(AVAILABLE DATA)
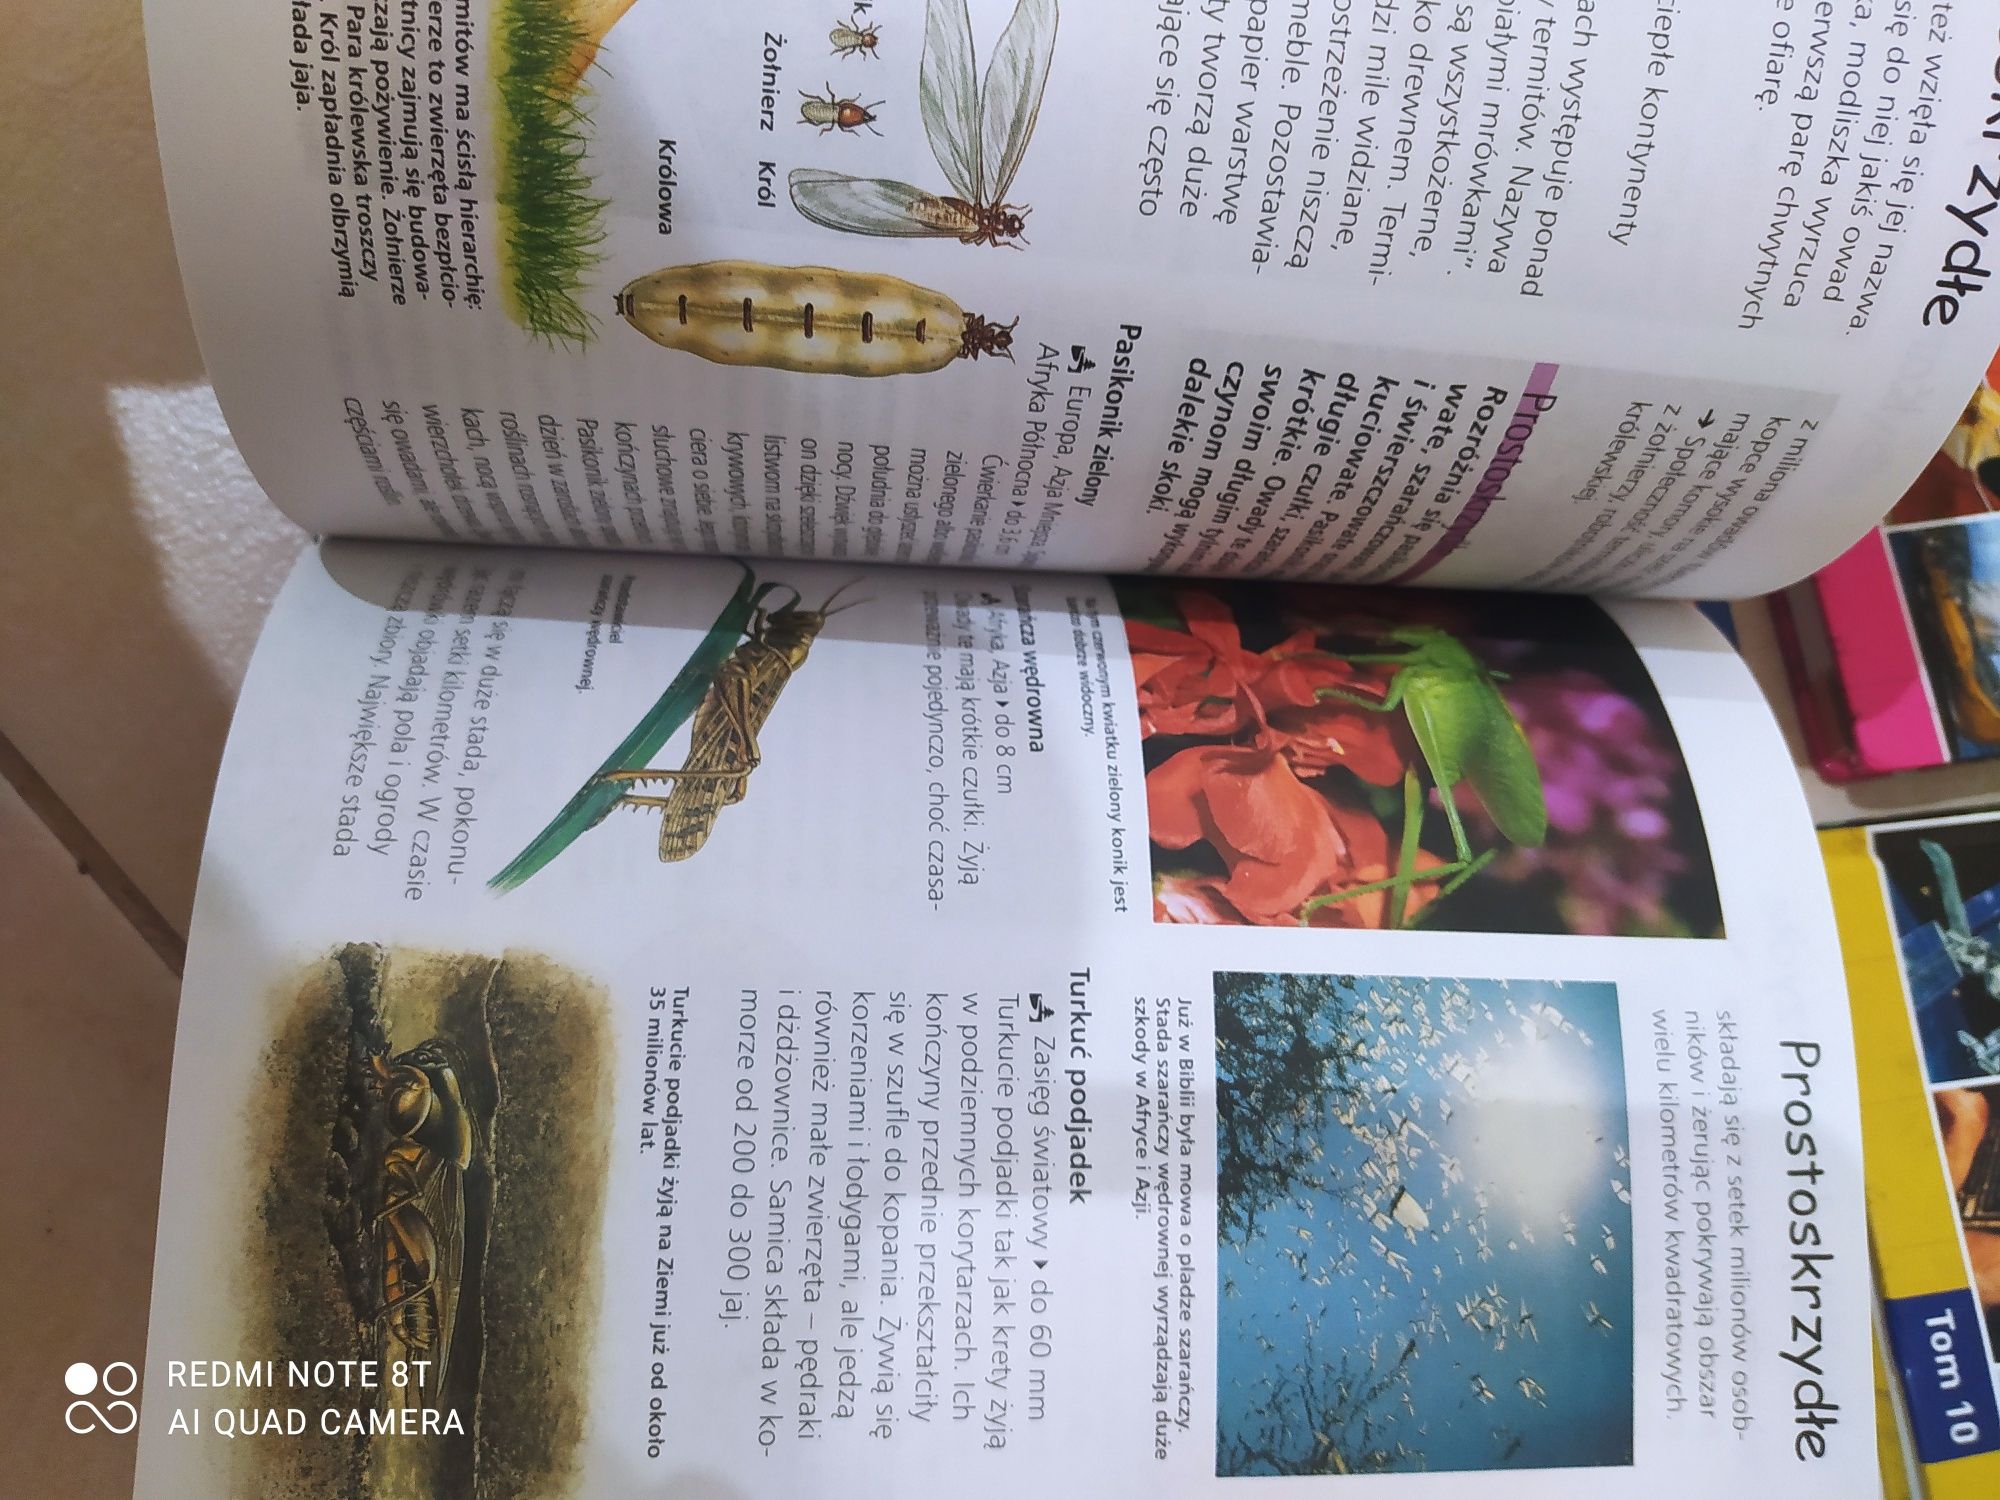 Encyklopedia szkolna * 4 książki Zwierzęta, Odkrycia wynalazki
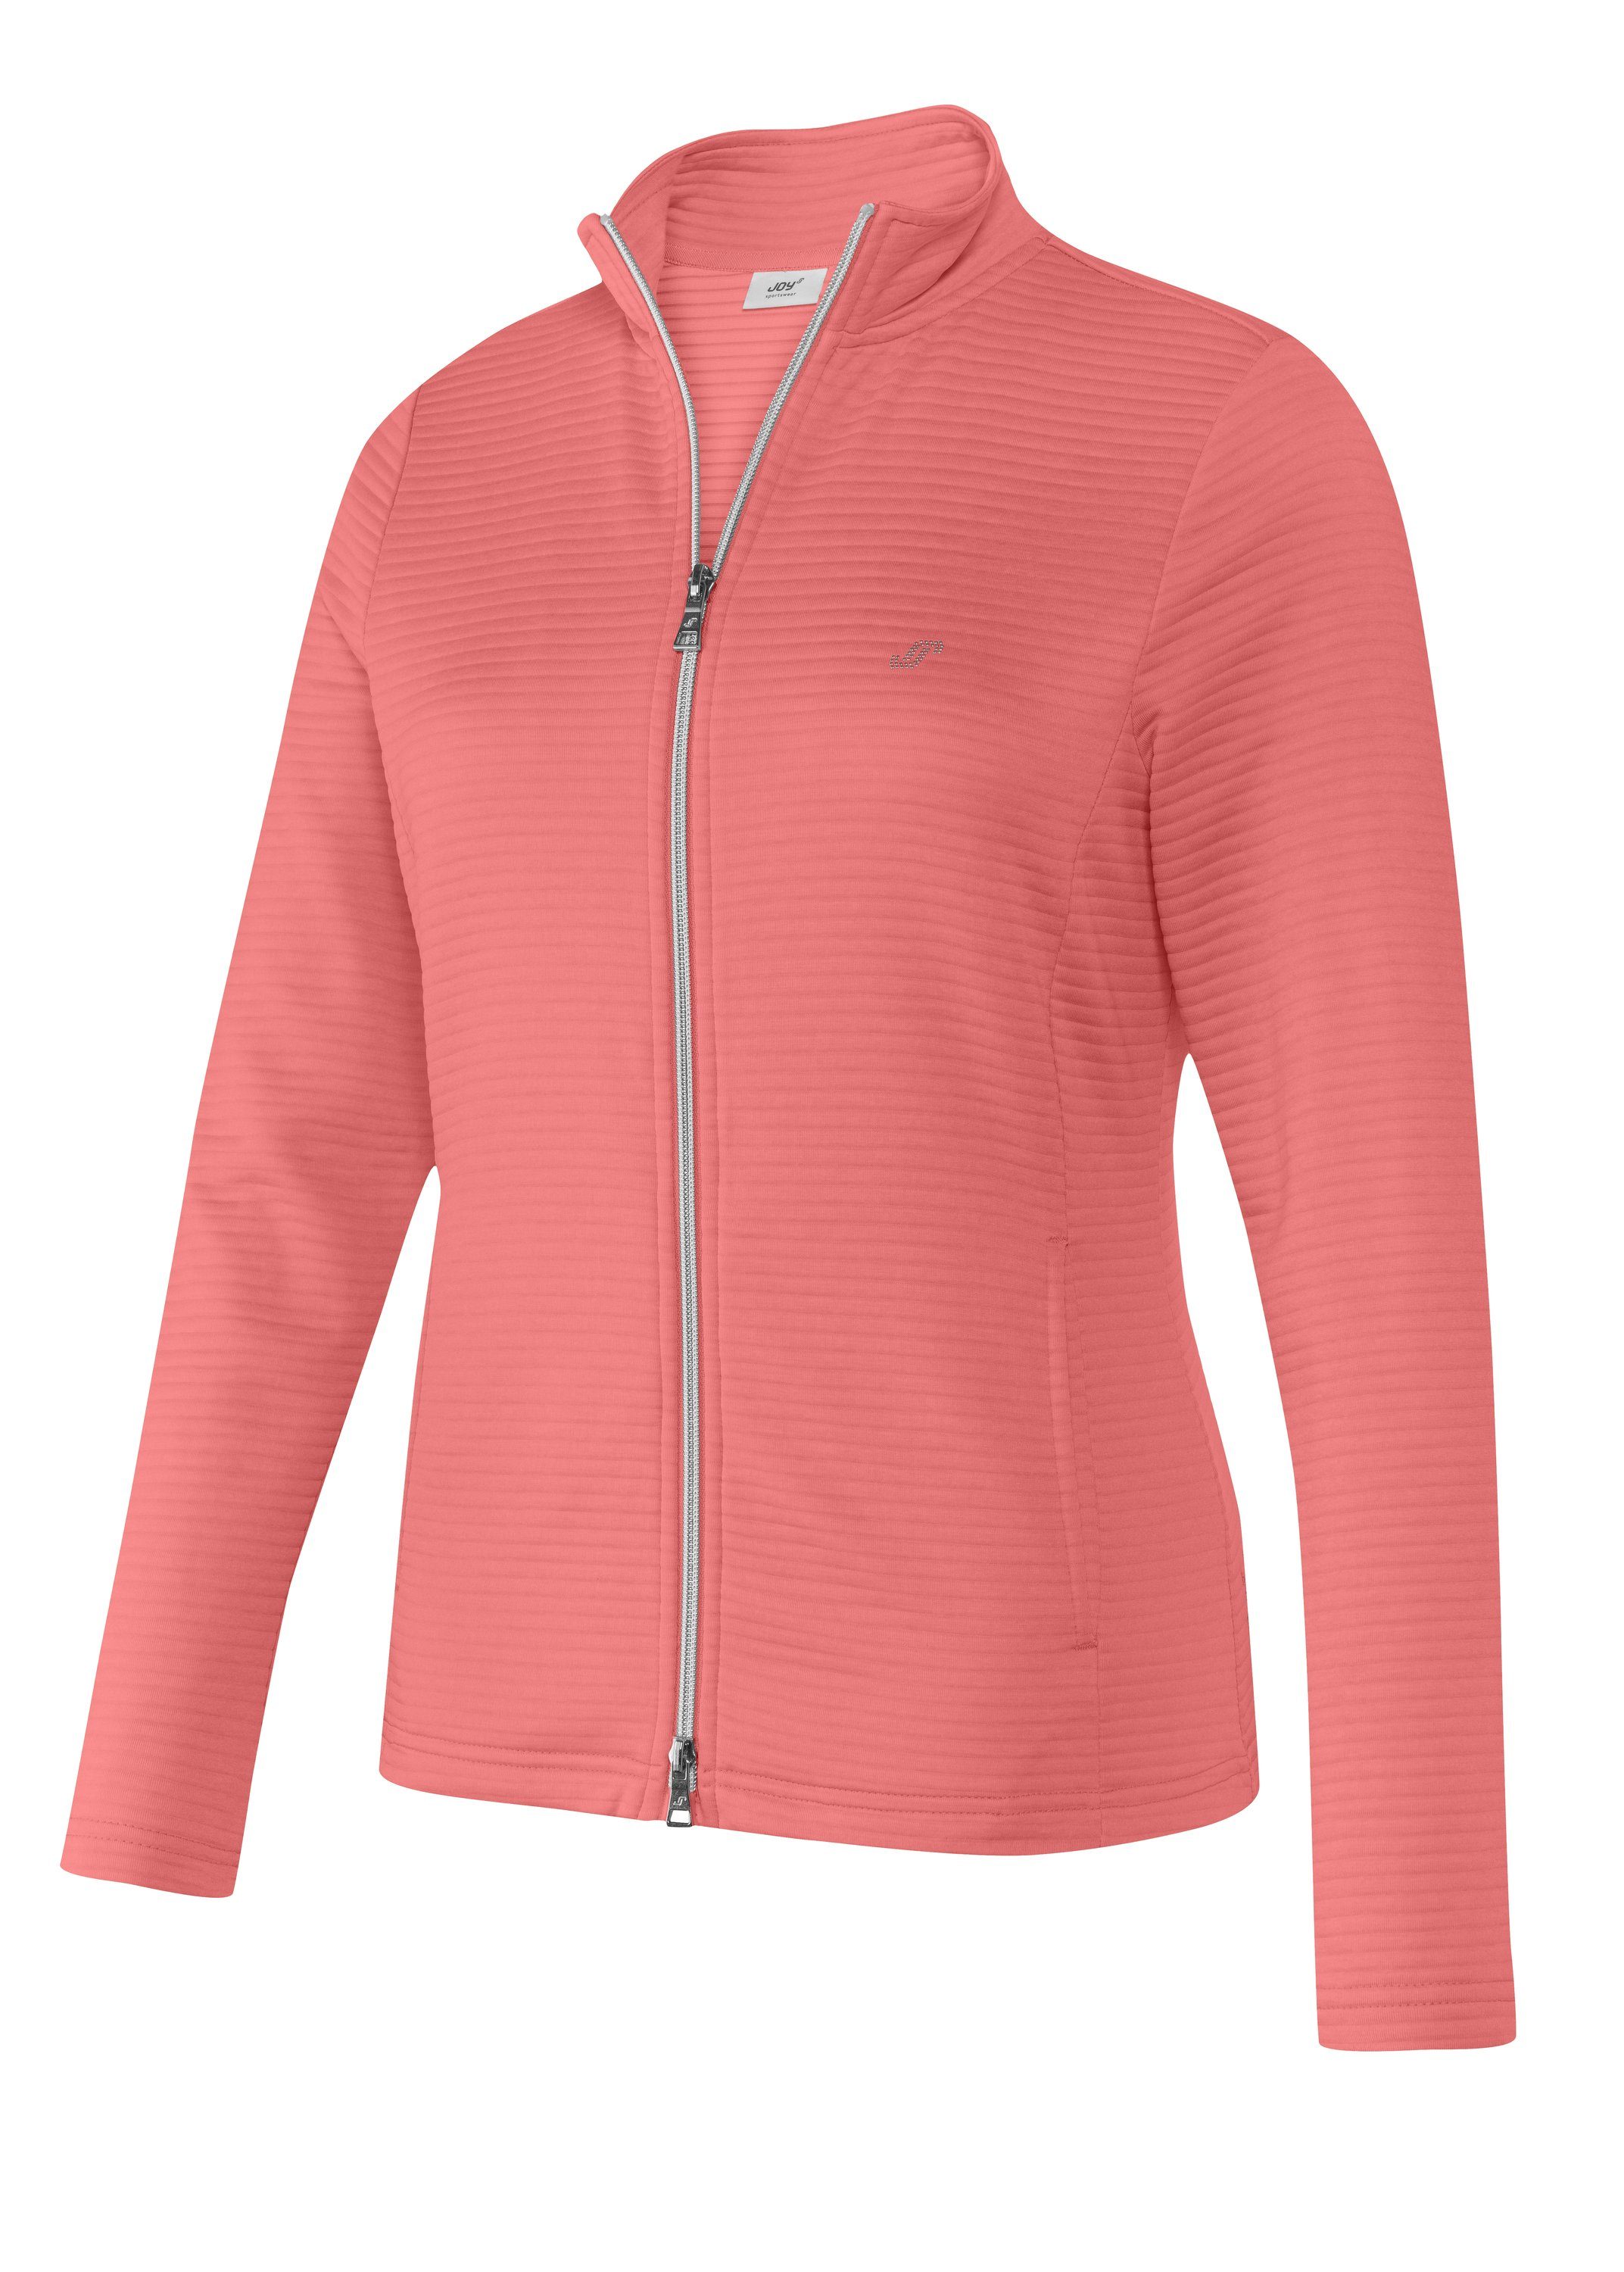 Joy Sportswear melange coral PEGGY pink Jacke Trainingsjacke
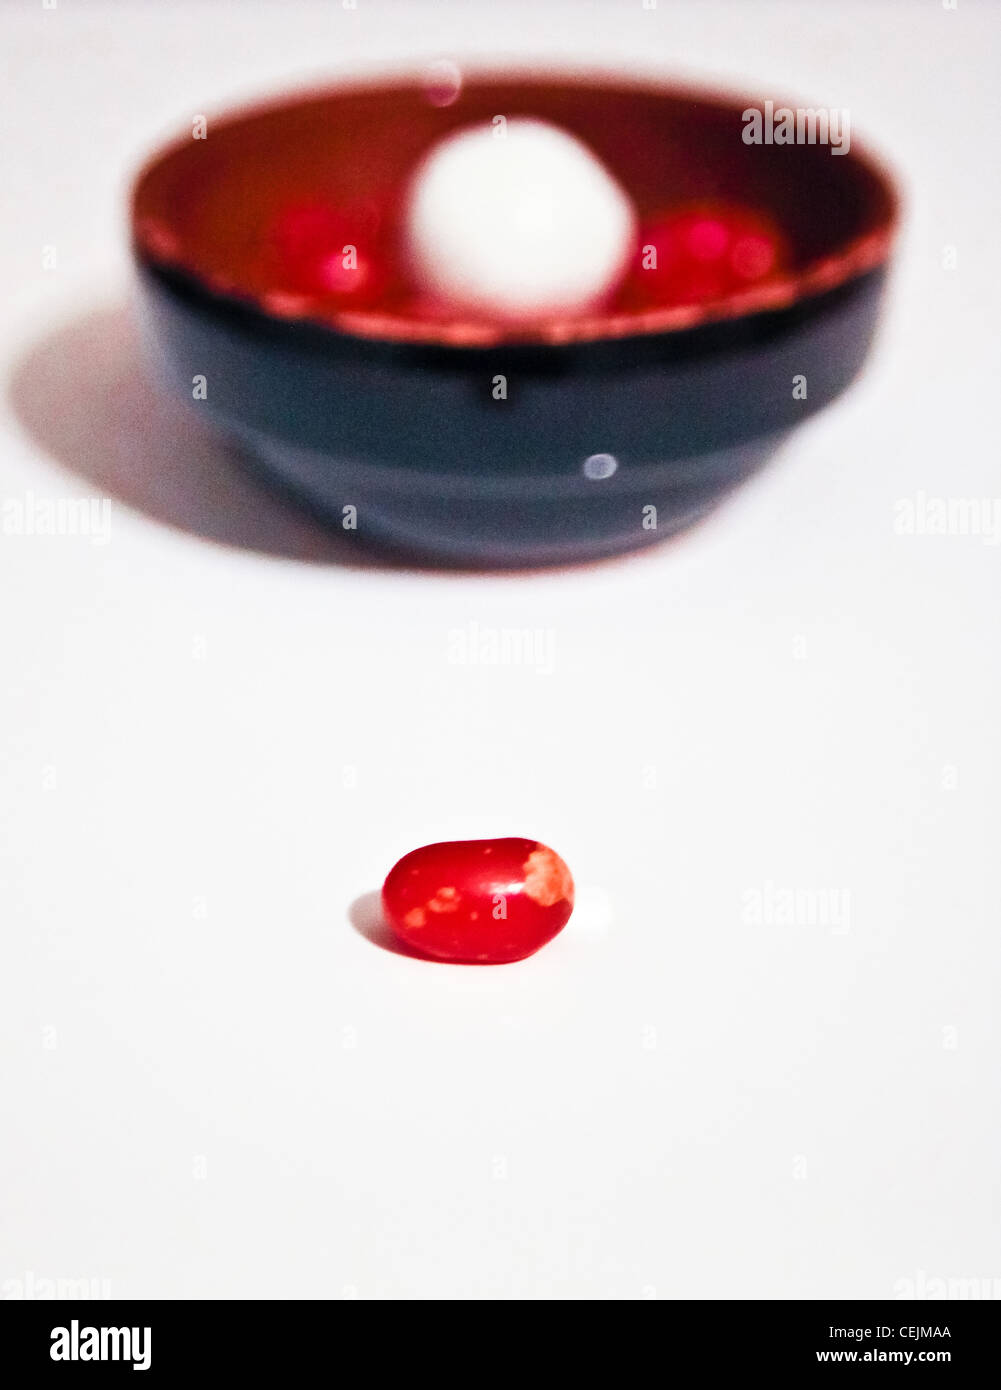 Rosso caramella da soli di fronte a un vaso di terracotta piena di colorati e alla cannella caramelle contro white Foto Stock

(WORK INSTRUCTIONS) Your reply should hold every line above exactly as written and none of the pictures.

(EXERCISE OUTPUT)
 Encyklopedia szkolna * 4 książki Zwierzęta, Odkrycia wynalazki
 Joy Sportswear melange coral PEGGY pink Jacke Trainingsjacke
 Rosso caramella da soli di fronte a un vaso di terracotta piena di colorati e alla cannella caramelle contro white Foto Stock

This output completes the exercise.